**Your goal:** What you should give back is a precise copy of the lines below from the one containing "Dolce & Gabbana" through the one containing "Lanky Black Fight Shorts - Traditional Cut", with no pictures.

**Supplied records:**
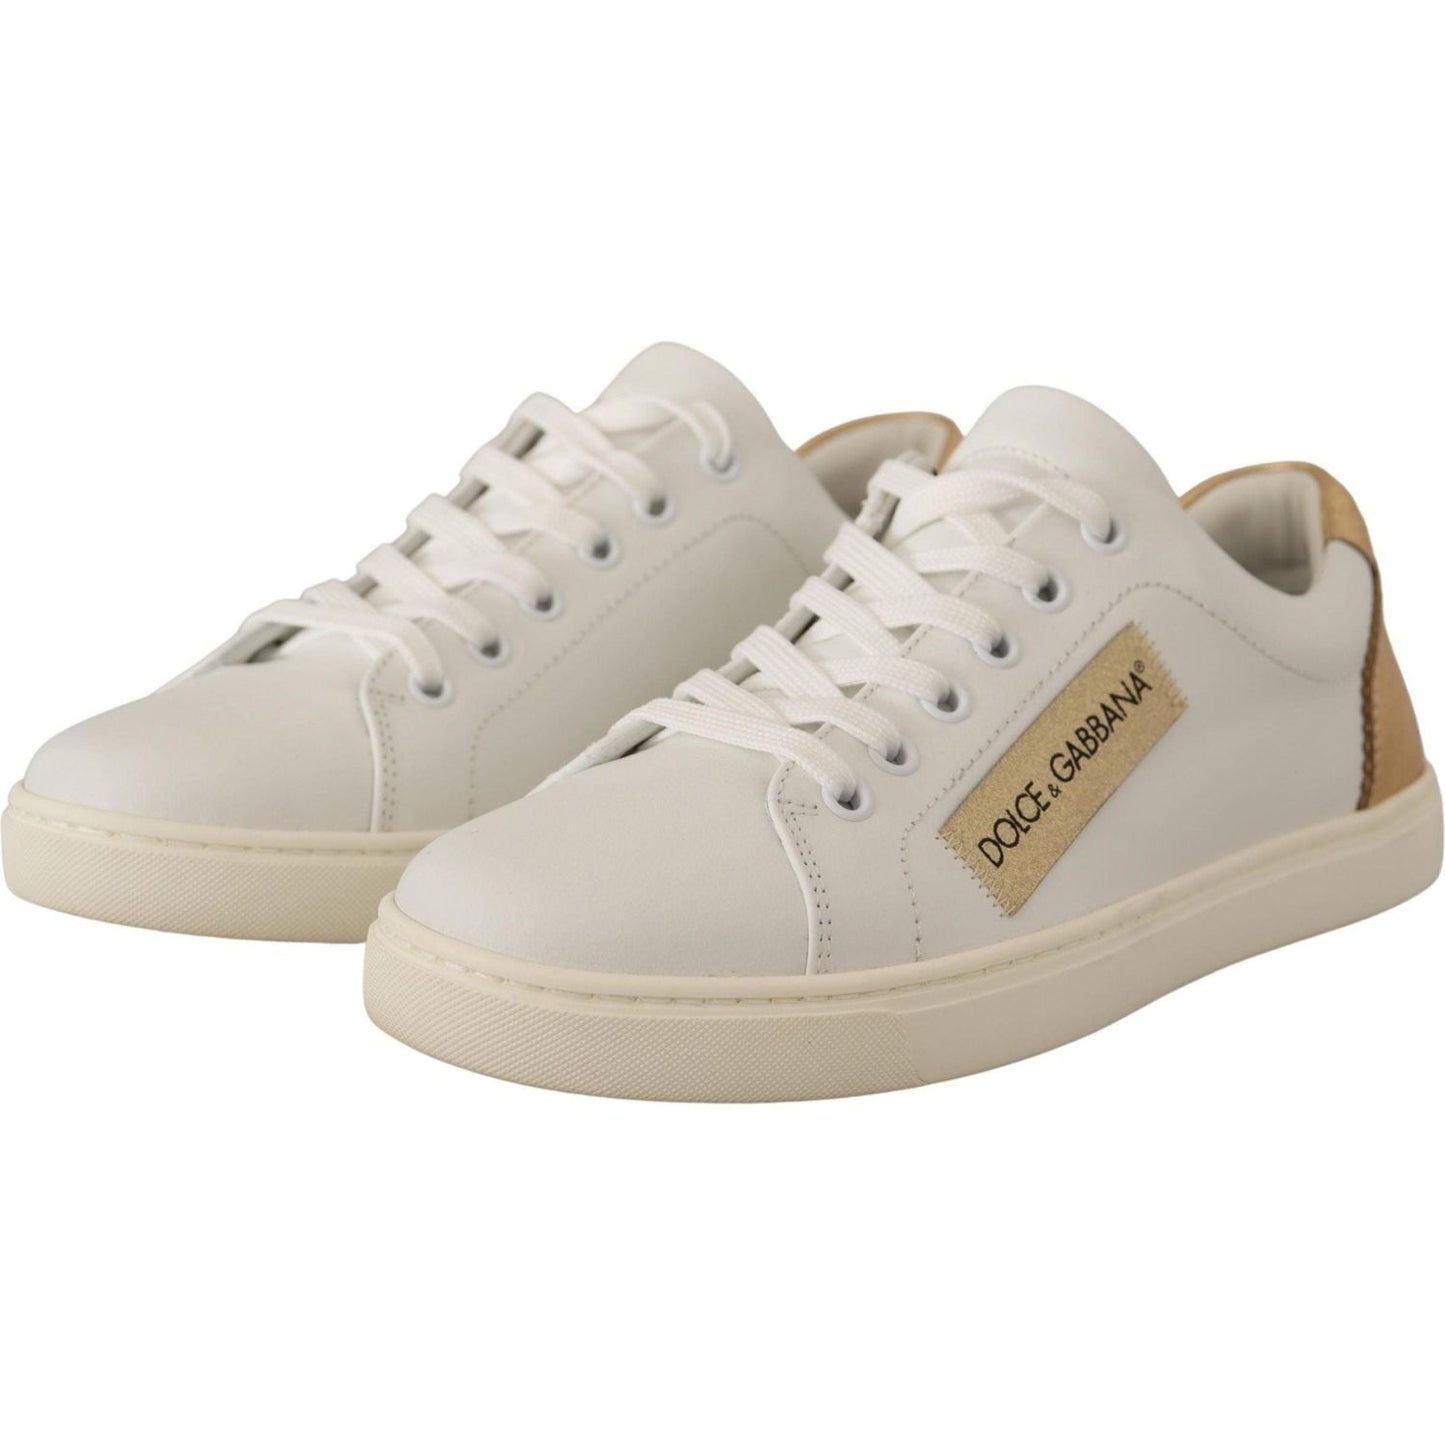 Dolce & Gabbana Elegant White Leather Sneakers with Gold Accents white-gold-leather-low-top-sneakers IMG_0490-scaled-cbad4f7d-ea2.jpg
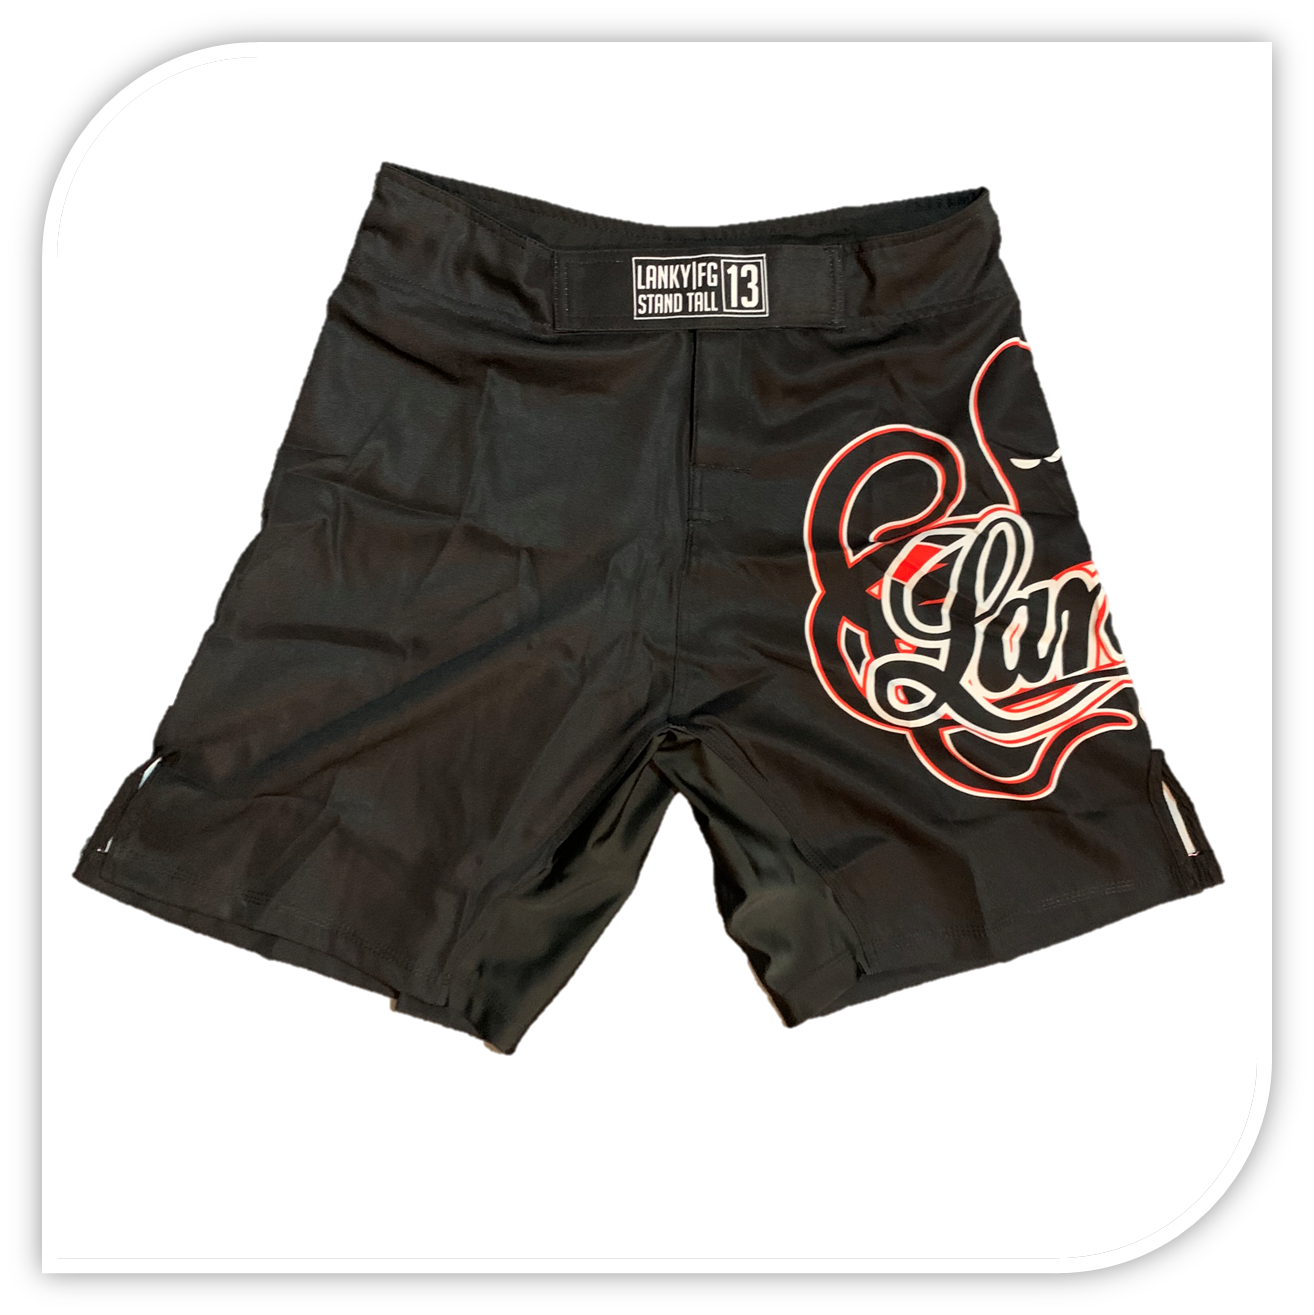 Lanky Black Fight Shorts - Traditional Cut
==
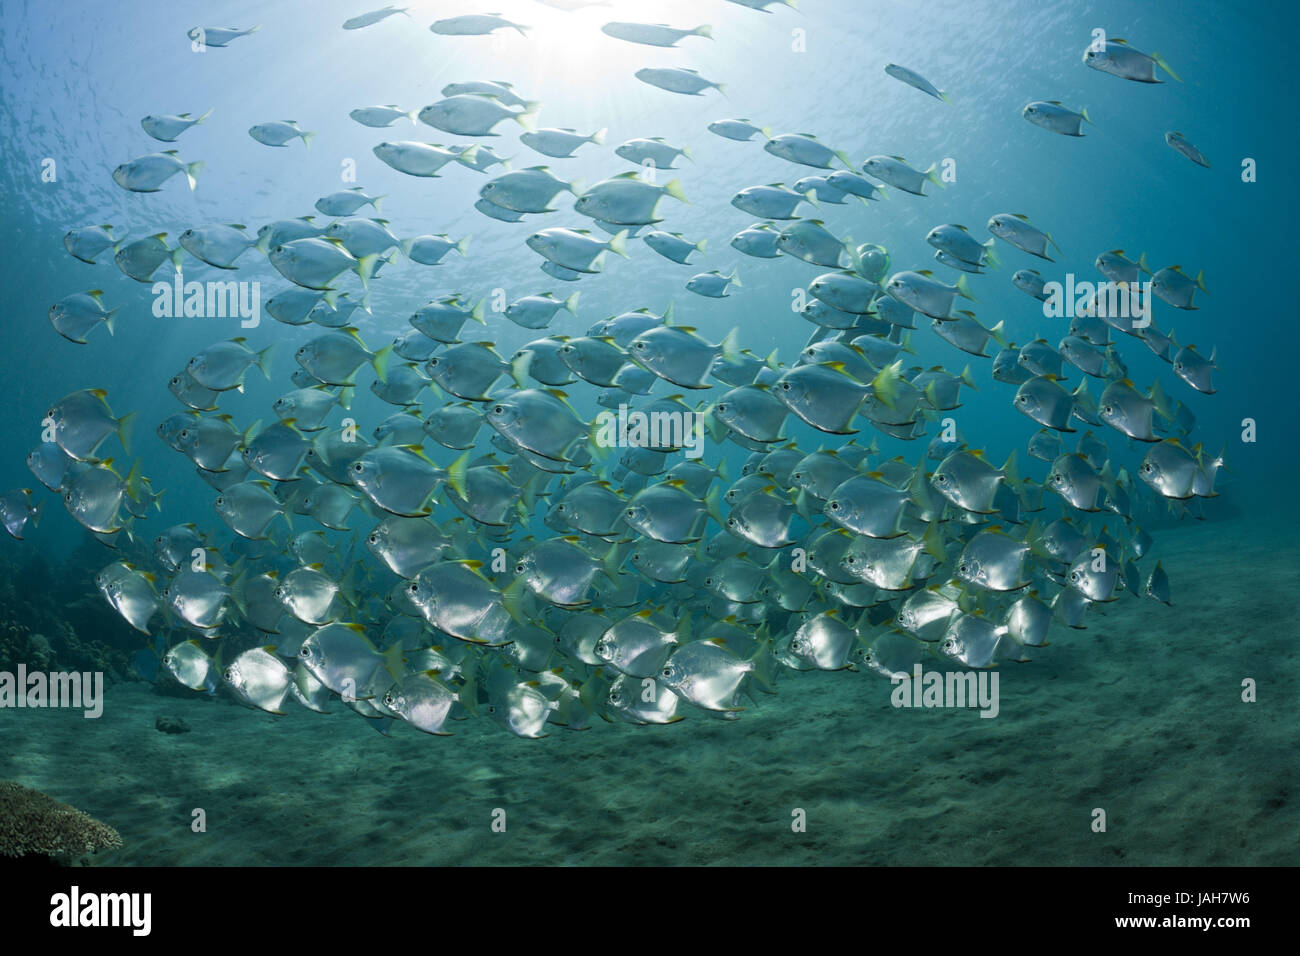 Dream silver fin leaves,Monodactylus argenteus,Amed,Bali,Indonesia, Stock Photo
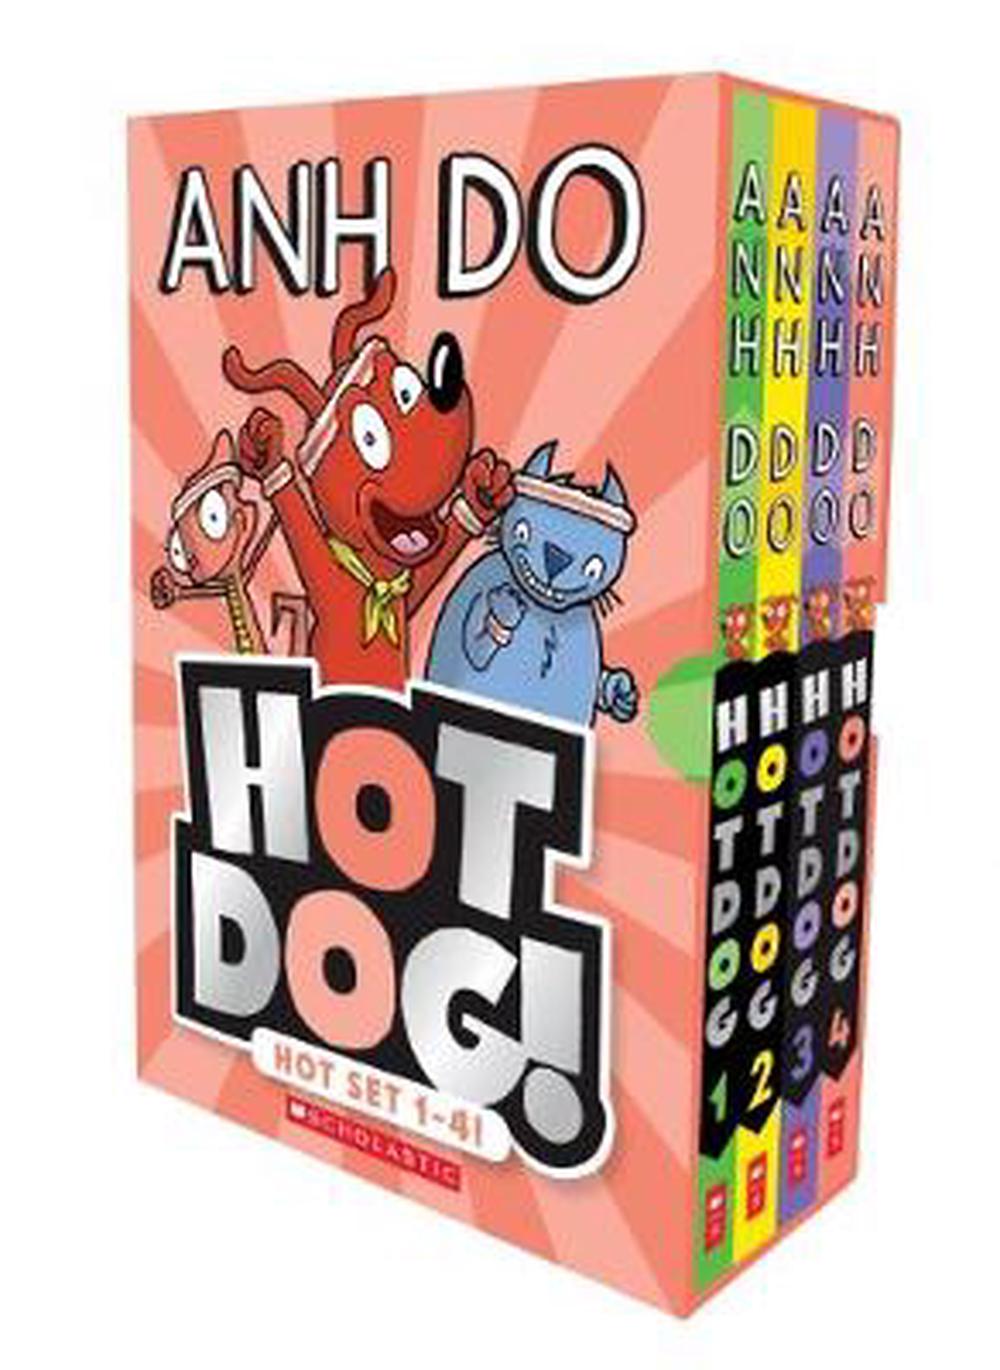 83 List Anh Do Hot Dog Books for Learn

**Response to the exercise:**
 Dolce & Gabbana Elegant White Leather Sneakers with Gold Accents white-gold-leather-low-top-sneakers IMG_0490-scaled-cbad4f7d-ea2.jpg
 Lanky Black Fight Shorts - Traditional Cut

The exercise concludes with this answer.